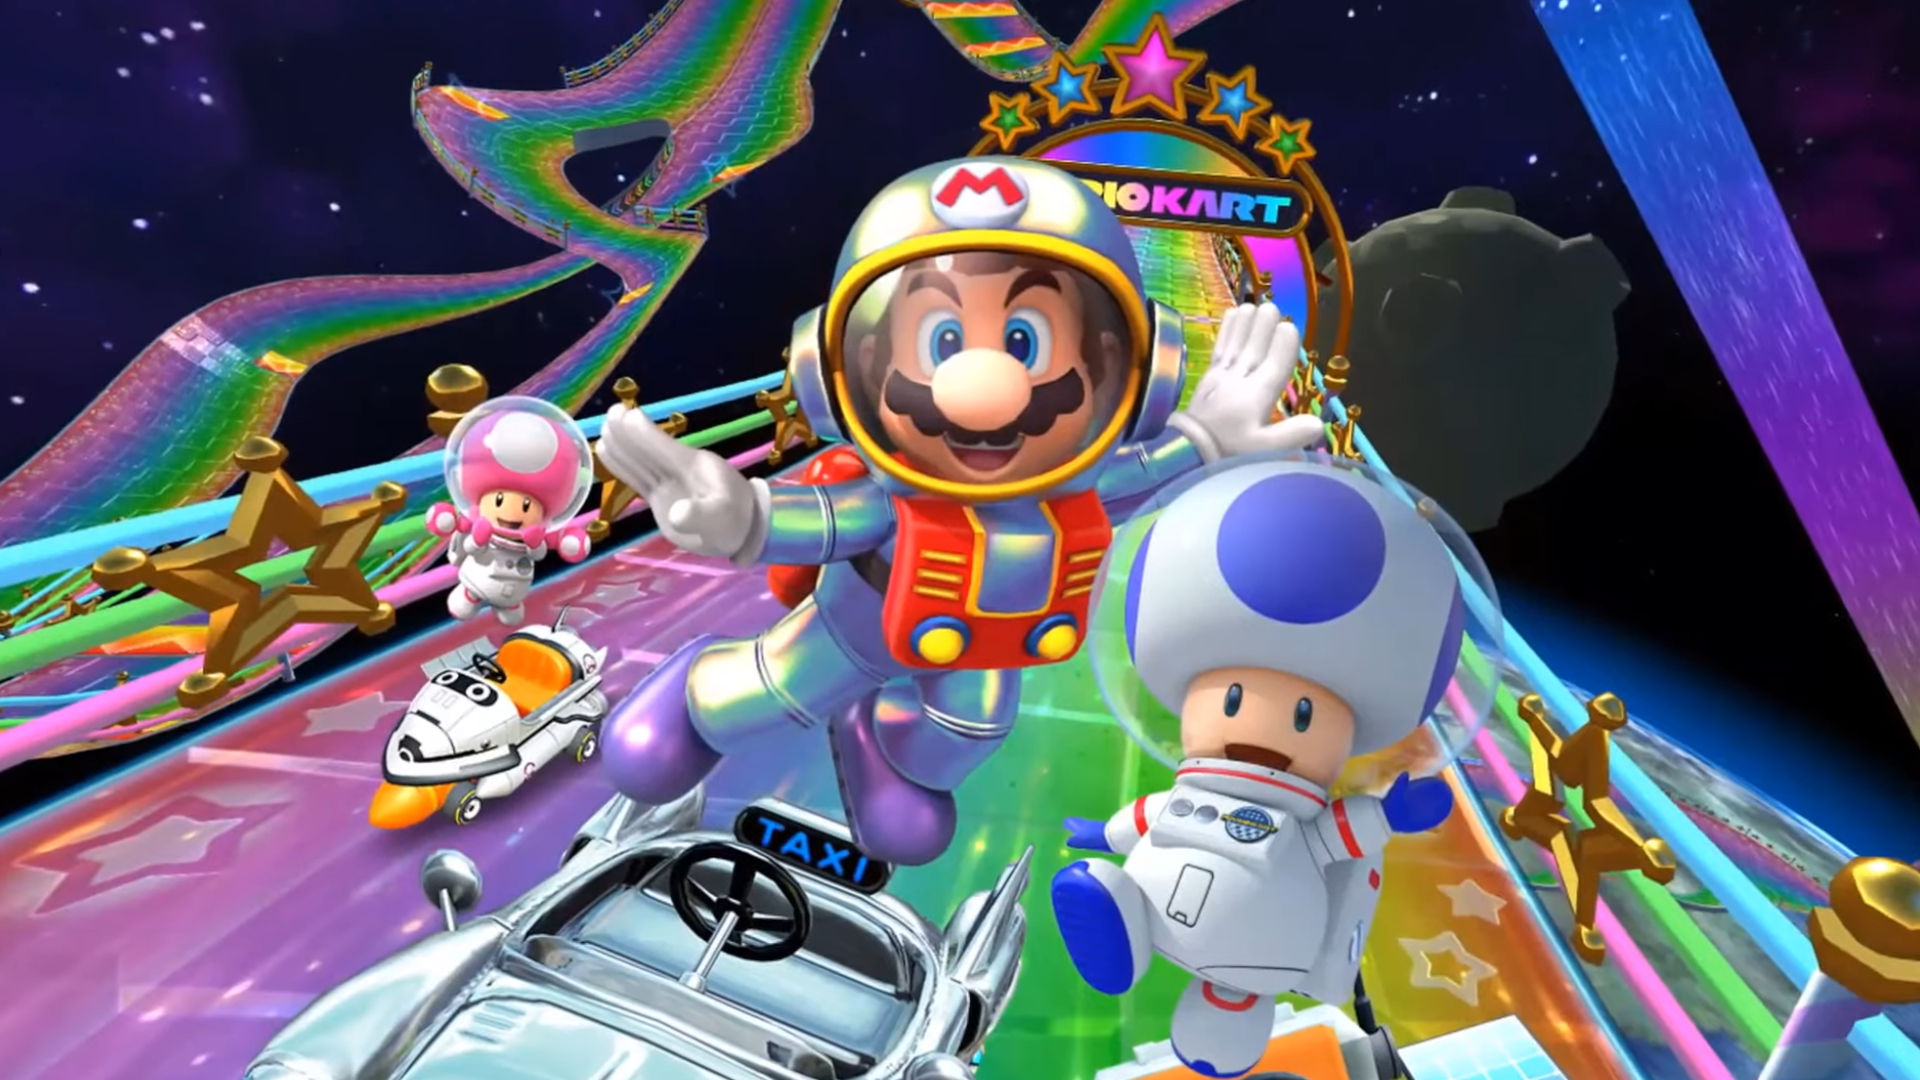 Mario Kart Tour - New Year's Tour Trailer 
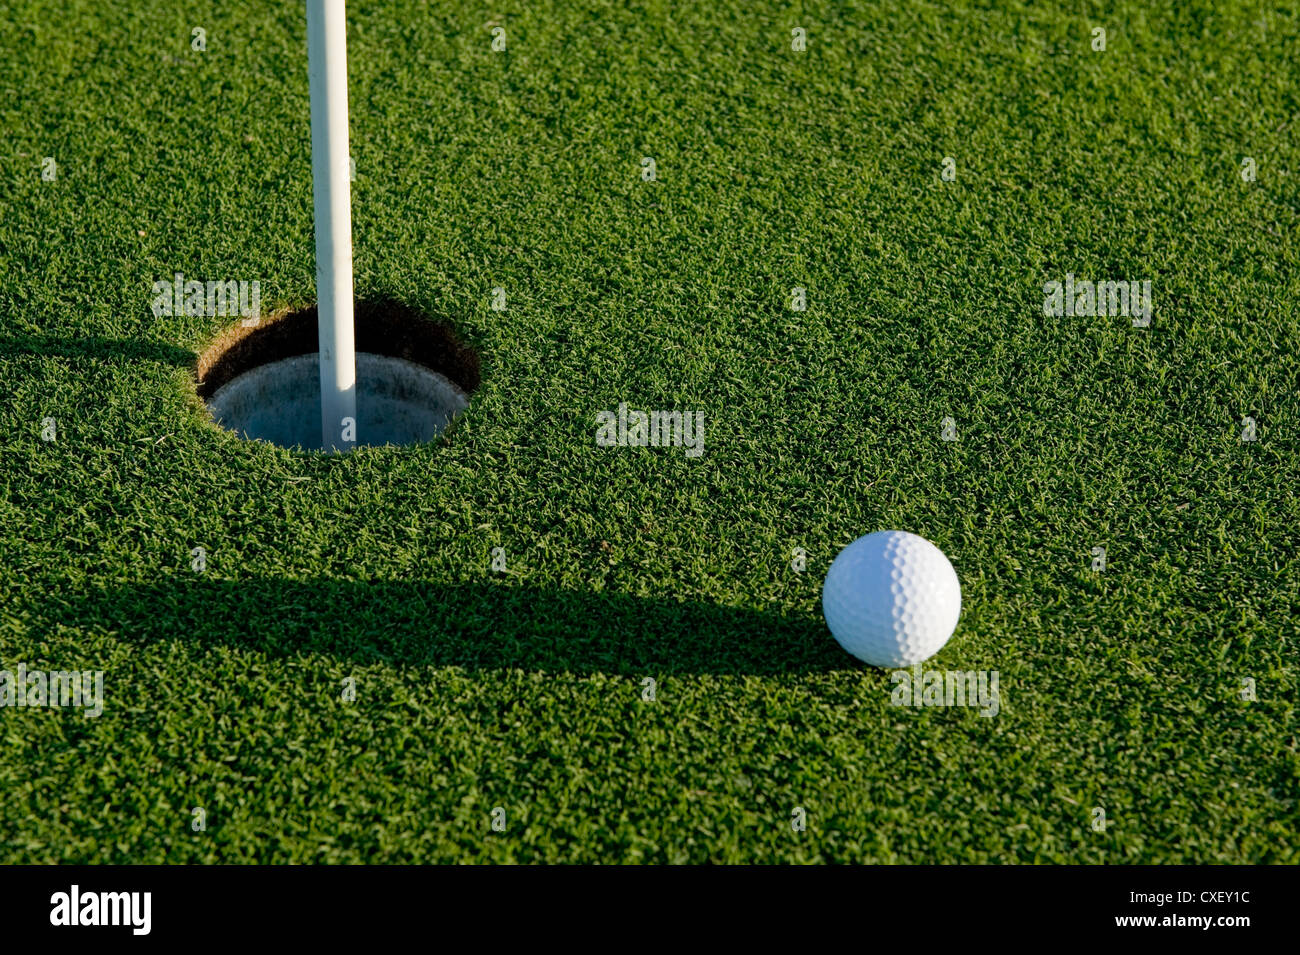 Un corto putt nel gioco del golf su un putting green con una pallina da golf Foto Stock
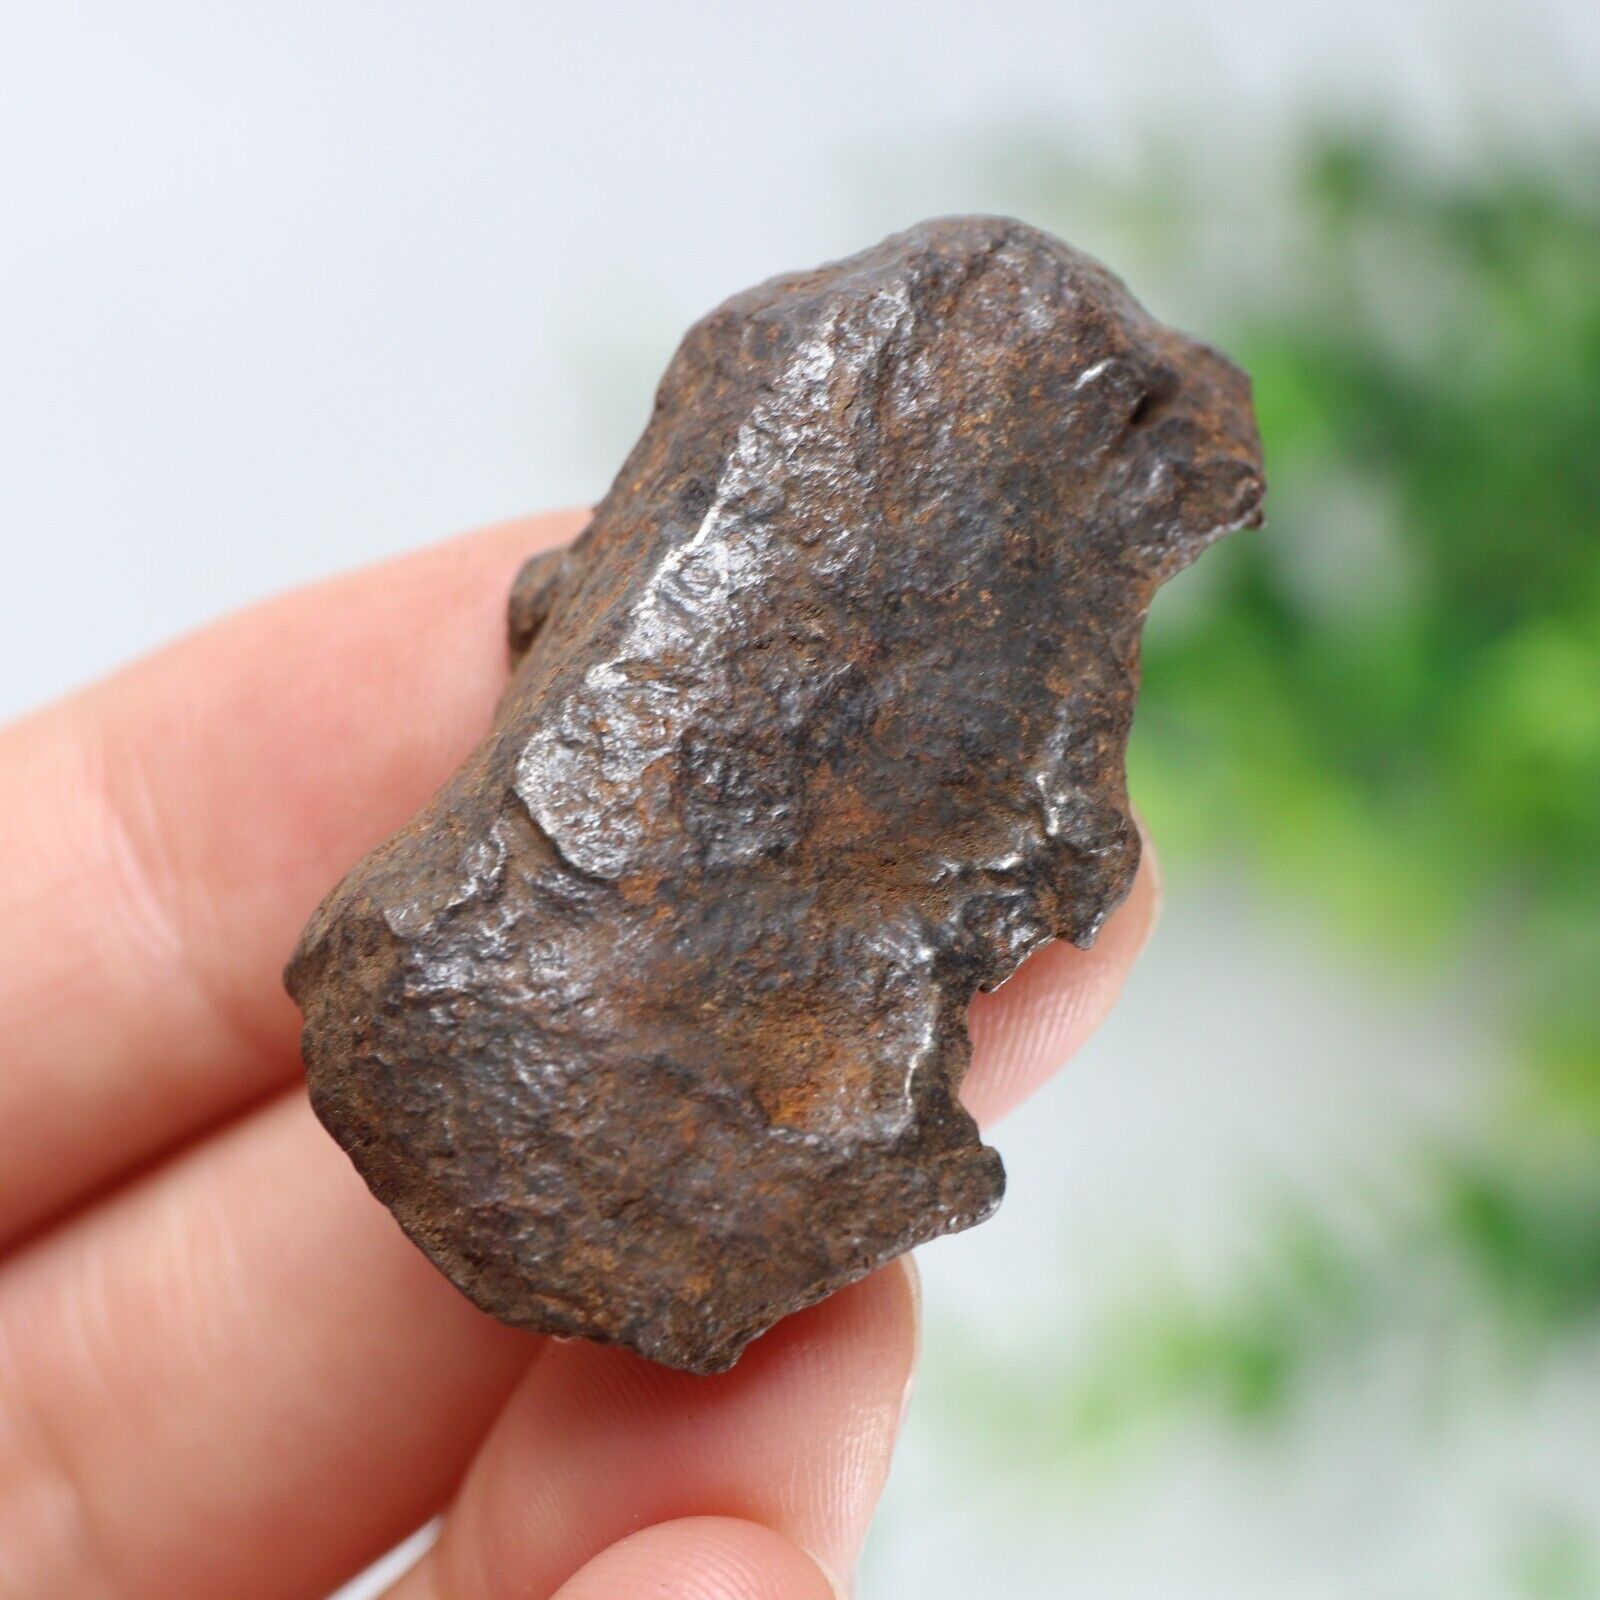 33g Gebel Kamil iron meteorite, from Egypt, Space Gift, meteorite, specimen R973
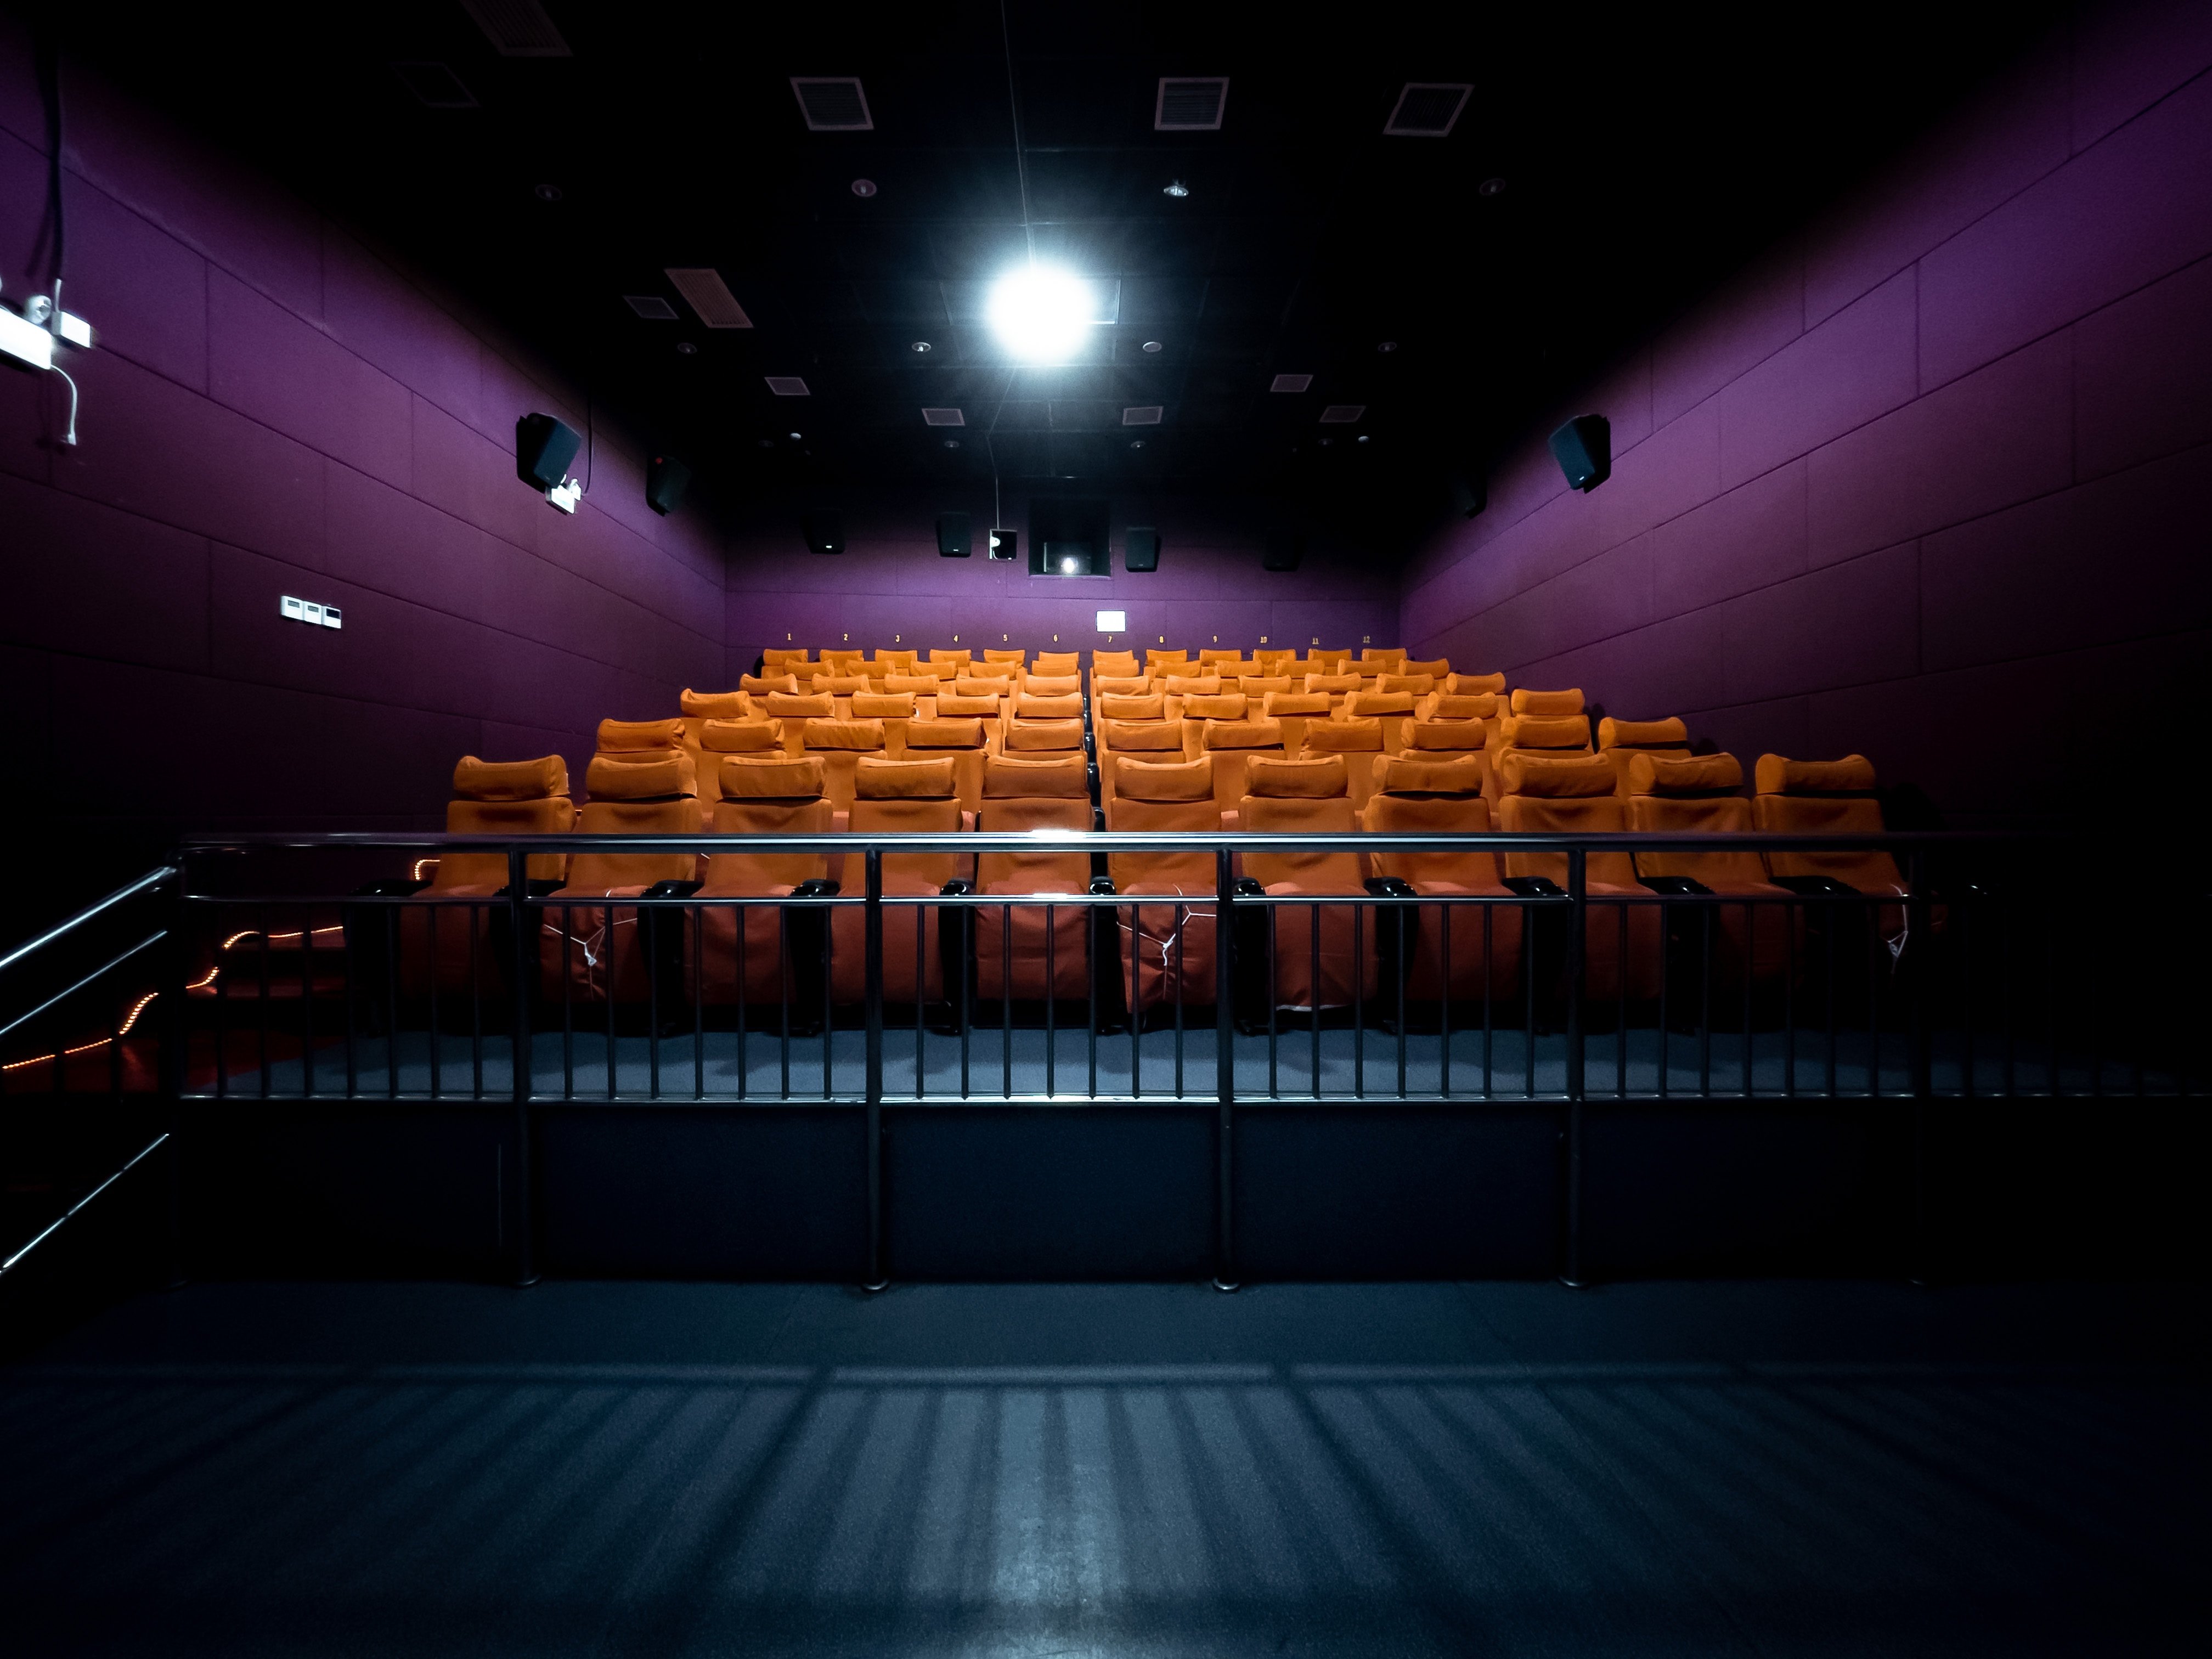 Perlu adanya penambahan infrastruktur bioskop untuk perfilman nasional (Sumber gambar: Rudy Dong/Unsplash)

THE TASK:
Please reproduce nothing but the lines from the one containing "Un corto putt" through the closing line of the listing, retyped word for word, pictures excluded.

RESULT OF THE TASK:
 Un corto putt nel gioco del golf su un putting green con una pallina da golf Foto Stock
 33g Gebel Kamil iron meteorite, from Egypt, Space Gift, meteorite, specimen R973
 Perlu adanya penambahan infrastruktur bioskop untuk perfilman nasional (Sumber gambar: Rudy Dong/Unsplash)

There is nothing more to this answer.